杨氏叹了口气:“他现在可不一样了!天天跟一群朋友混在一起,不是吟诗作对,就是高谈阔论。”
“每天都在外头喝得醉醺醺的才回来。”
媚娘又问:“我都忘了,他今年几岁了?”
“当年过继他来的时候,才三岁。”杨氏说,“现在都十五岁了,看着人模人样的,就是不知道肚子里有没有真才实学。”
正说着,就见武三思醉醺醺地走了进来。
杨氏连忙喊道:“三思!你家姑娘回来了,快过来拜见!”
媚娘和小喜赶紧起身,跟三思行了礼。
三思眯着醉眼,上下打量着媚娘,说道:“姑娘在宫里享尽荣华富贵,怎么朝廷听了那些大臣的胡话,把你赶出来了?还要去削发为尼?”
“这皇帝也太无情了,居然舍得放你出来!”
一句话戳中了媚娘的伤心处,她忍不住落下泪来。
三思见状,又安慰道:“姑娘你别难过,我看那些尼姑活得可快活了,一点忧愁都没有。”
媚娘刚出宫时,心里确实很难受。
可如今见三思长得眉清目秀,年纪又小,心里的伤感顿时少了大半。
晚上吃过饭,三思见父母和小喜都走开了,立马凑到媚娘身边,带着酒气说道:“姑娘,你这一头乌黑的青丝,日后怎么舍得剃掉啊?”
媚娘只当他是小孩子,又是自家骨肉,便把他搂进了怀里。
三思又问:“姑娘晚上睡在哪里?”
“就跟母亲睡一个房。”媚娘答道。
“我有好多话要问姑娘,今晚我陪姑娘睡吧!”三思得寸进尺。
媚娘想了想,说:“有什么话,等我母亲睡着了,你再进房来说。”
三思眼睛一亮:“好!那你可千万别闩门!”
媚娘轻轻点了点头。
当天夜里,武三思等到父母都睡熟了,悄悄溜进了媚娘的房间。
两人竟做出了违背伦理的苟且之事。
过了几天,武士彟察觉到不对劲,担心再这样下去会闹出大乱子,赶紧打发媚娘和小喜出发去感业寺。
武三思送了她们一两里路,媚娘悄悄对他说:“侄儿,你要是想我,等考试的时候,就直接到感业寺来见我。”
三思连连点头,含泪与媚娘告别。
媚娘和小喜在路上走了几天,终于到了感业寺。
庵主法号长明,亲自出来迎接。
一见到媚娘,长明老尼就看呆了——这姑娘长得千娇百媚,跟花儿似的;再看旁边的小喜,二十四五岁的年纪,风姿绰约,也不像是能安心出家的主。
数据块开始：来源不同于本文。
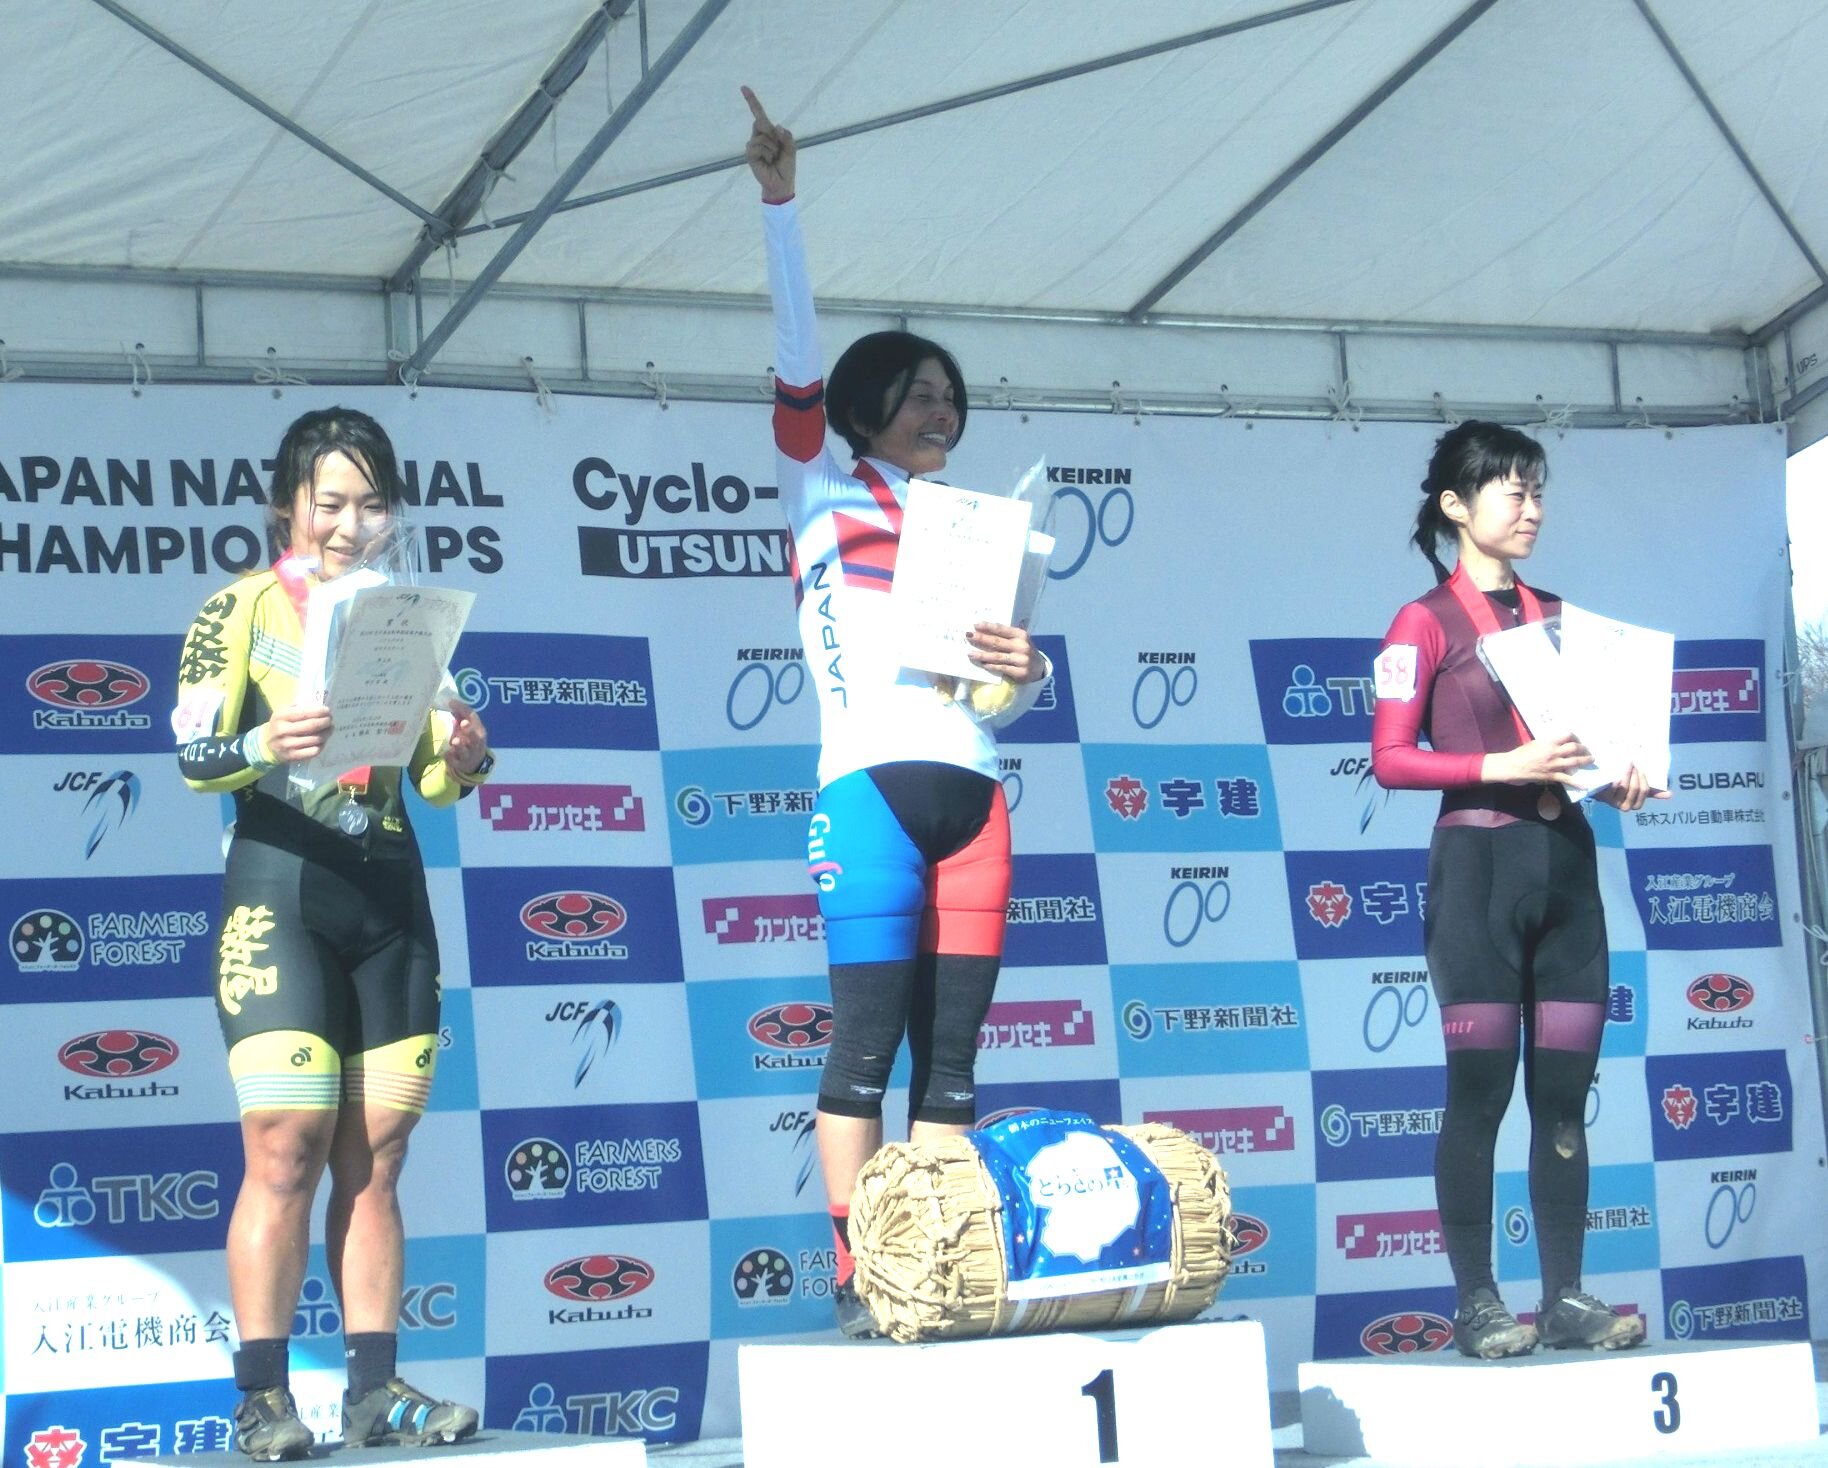 https://www.cyclocross.jp/news/CIMG7664.JPG
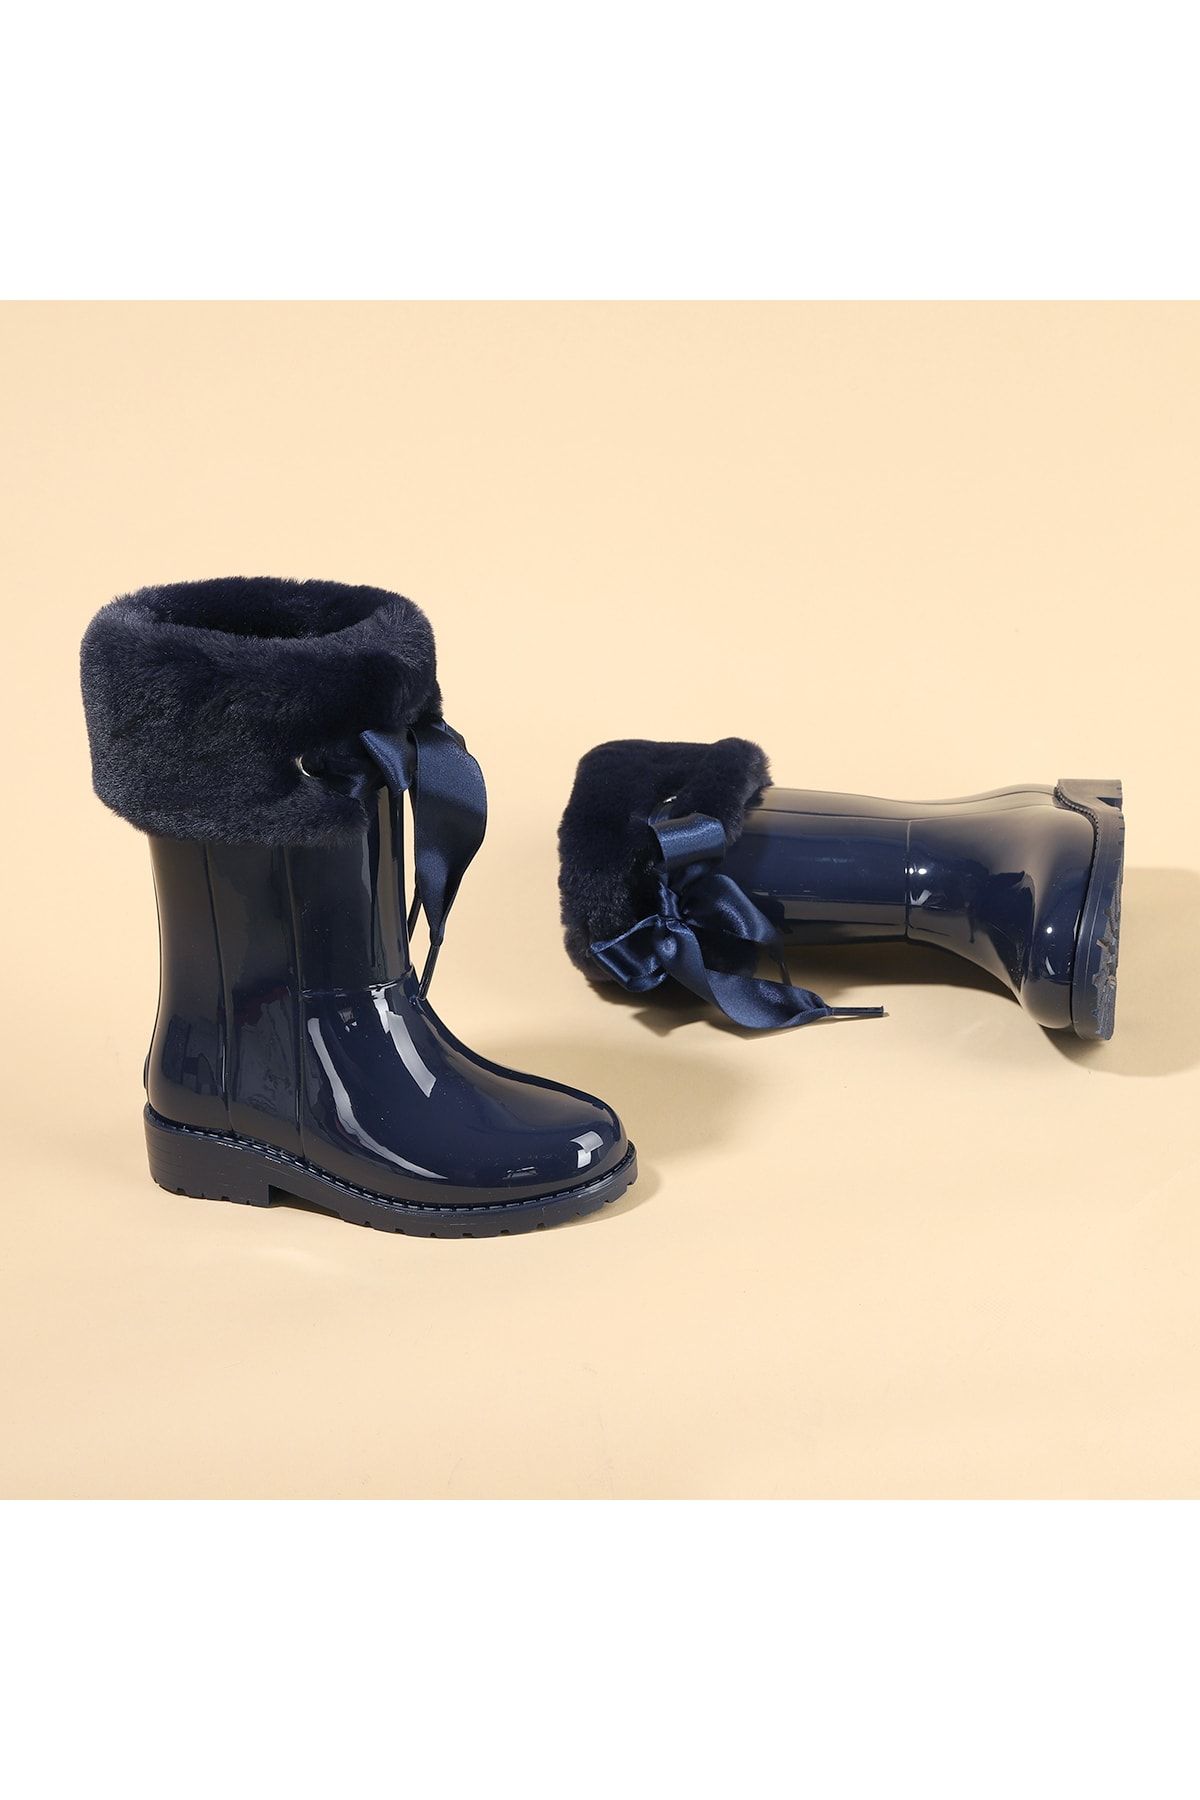 IGOR W10239 Campera Charol Soft Çocuk Lacivert Yağmur Çizmesi

老尼在心里嘀咕:“这俩都是这般风流模样,怎么可能真心出家?”
她把两人领到佛堂,里面有四五个徒弟正在演奏法器。
长明老尼让媚娘参拜了佛祖,随后就为她剃了发。
小喜也换了出家人的装扮,在佛前忏悔完毕。
音乐停下后,几个徒弟过来与媚娘、小喜见礼。
小喜一眼就瞥见了第四个徒弟,觉得眼熟得很,像极了女贞庵里的二师父。
刚见面不好说破,两人只是互相打量了一番。
长明介绍道:“这四位都是我的徒弟。”
她指着其中一个徒弟说:“这位是去年冬天来的,法号怀清。”
随后,长明领着媚娘和小喜去住处:“这两间房是你们住的,隔壁就是怀清师父的卧室。”
媚娘点点头,暂时安顿下来,打算先安心住一段时间。
到了黄昏,小喜笑嘻嘻地走进来。
媚娘打趣道:“你这丫头,倒像是常年做尼姑的,都到这地方了,还有心思笑?”
小喜笑着说:“夫人您不知道!那位怀清师父,就是女贞庵李夫人的妹妹,我认识她!”
“刚才第一次见面,不好直接认亲,我刚去她房里问了别后的情况,所以才这么开心。”
媚娘好奇地问:“什么女贞庵李夫人?”
小喜就把当年隋萧后回南方上坟,在女贞庵与隋南阳公主以及秦、狄、夏、李四位夫人相会的事情,详细说了一遍。
媚娘又问:“这么说她也是个有故事的人,怎么会来这里?”
“濮州这几年连年饥荒,又闹瘟疫。”小喜解释道,“秦、夏、李三位夫人相继去世了。怀清师父被一个读书人带着想进京,没成想半路上读书人被强盗杀了。”
“她跳了河,幸好被商船救了下来,带到京都,就暂时送进了这座寺庙。”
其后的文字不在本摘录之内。